18464912. Pose Empowered RGB-Flow Net simplified abstract (GOOGLE LLC)

From WikiPatents
Jump to navigation Jump to search

Pose Empowered RGB-Flow Net

Organization Name

GOOGLE LLC

Inventor(s)

Yinxiao Li of Mountain View CA (US)

Zhichao Lu of Mountain View CA (US)

Xuehan Xiong of Mountain View CA (US)

Jonathan Huang of San Carlos CA (US)

Pose Empowered RGB-Flow Net - A simplified explanation of the abstract

This abstract first appeared for US patent application 18464912 titled 'Pose Empowered RGB-Flow Net

Simplified Explanation

The patent application describes a method for analyzing video data of an actor performing an activity using neural networks.
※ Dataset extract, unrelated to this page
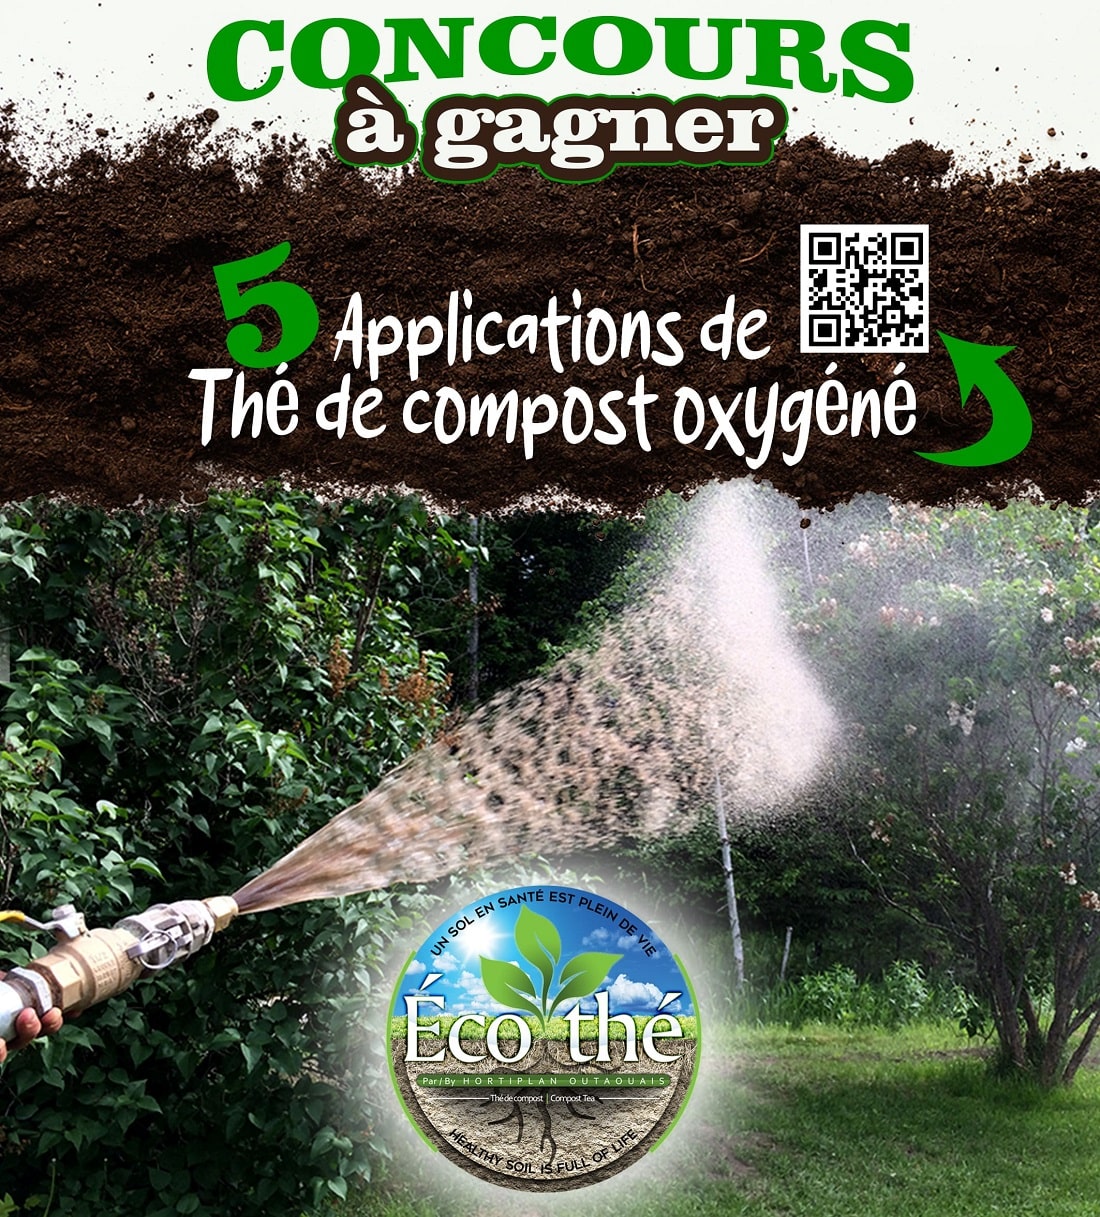 Pulvérisateur en action dans un jardin verdoyant, avec le logo Ecothe et sa promesse d'un sol sain. Participer au concours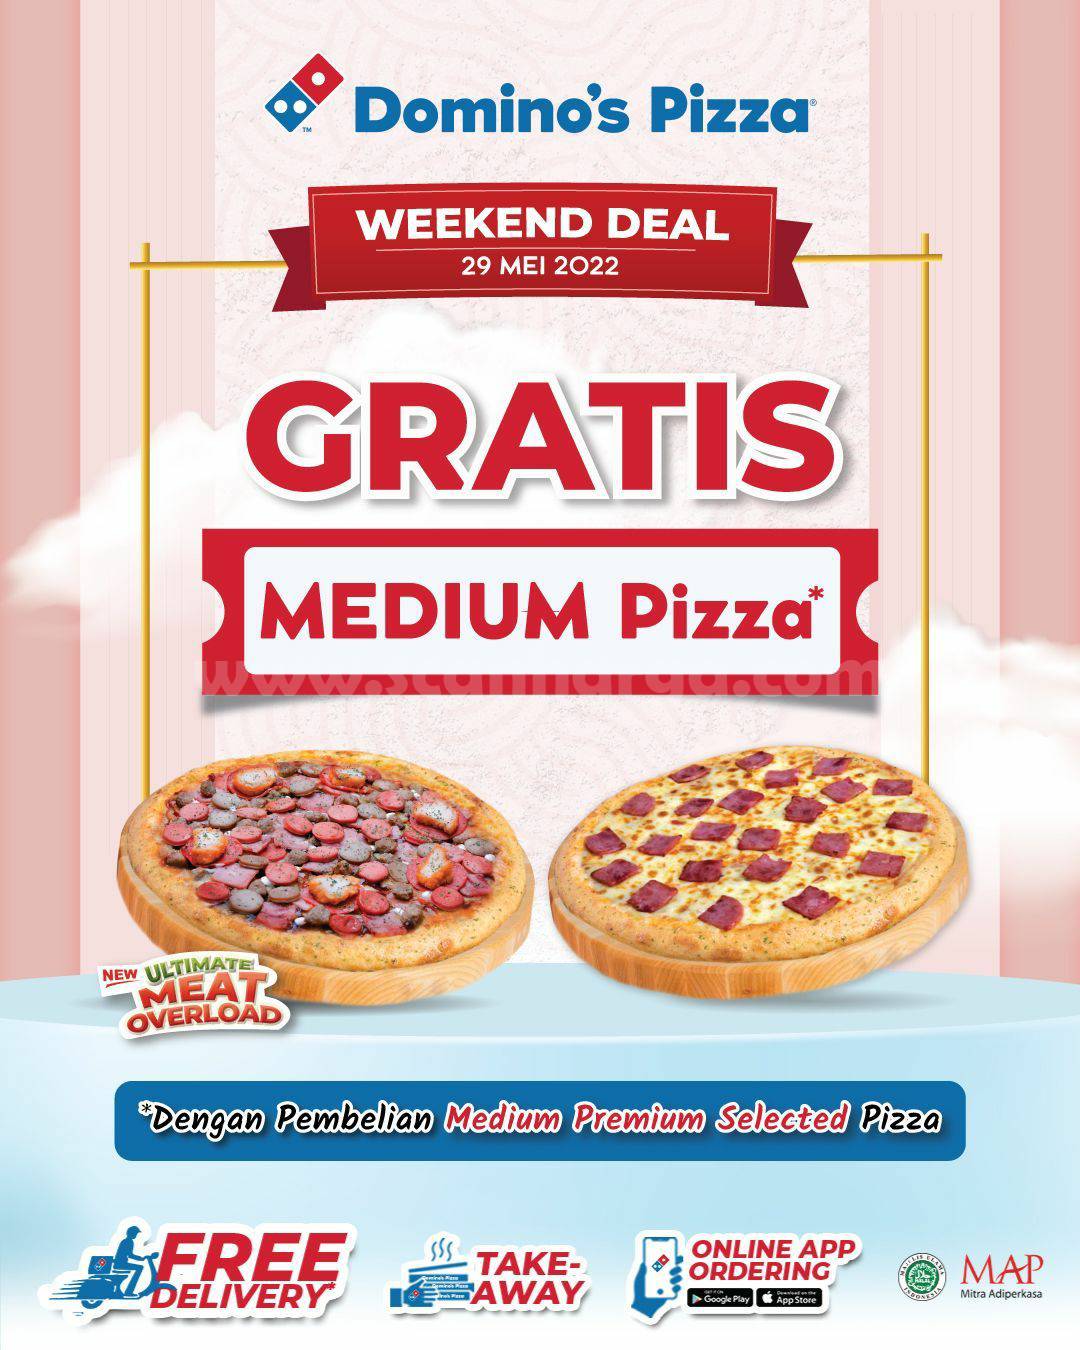 Promo Domino's Pizza Weekend Deal - Gratis Medium Pizza

  • The video data is processed to generate three input streams: spatial images representing spatial features of the actor, temporal images representing motion, and pose images representing the actor's pose.
  • These input streams are then processed by at least one neural network.
  • The neural network classifies the activity based on the information from the spatial, temporal, and pose input streams.

Potential applications of this technology:

  • Video surveillance systems that can automatically detect and classify activities performed by individuals.
  • Sports analysis tools that can analyze the movements and poses of athletes to provide insights and feedback.
  • Virtual reality and augmented reality applications that can track and analyze the movements of users for interactive experiences.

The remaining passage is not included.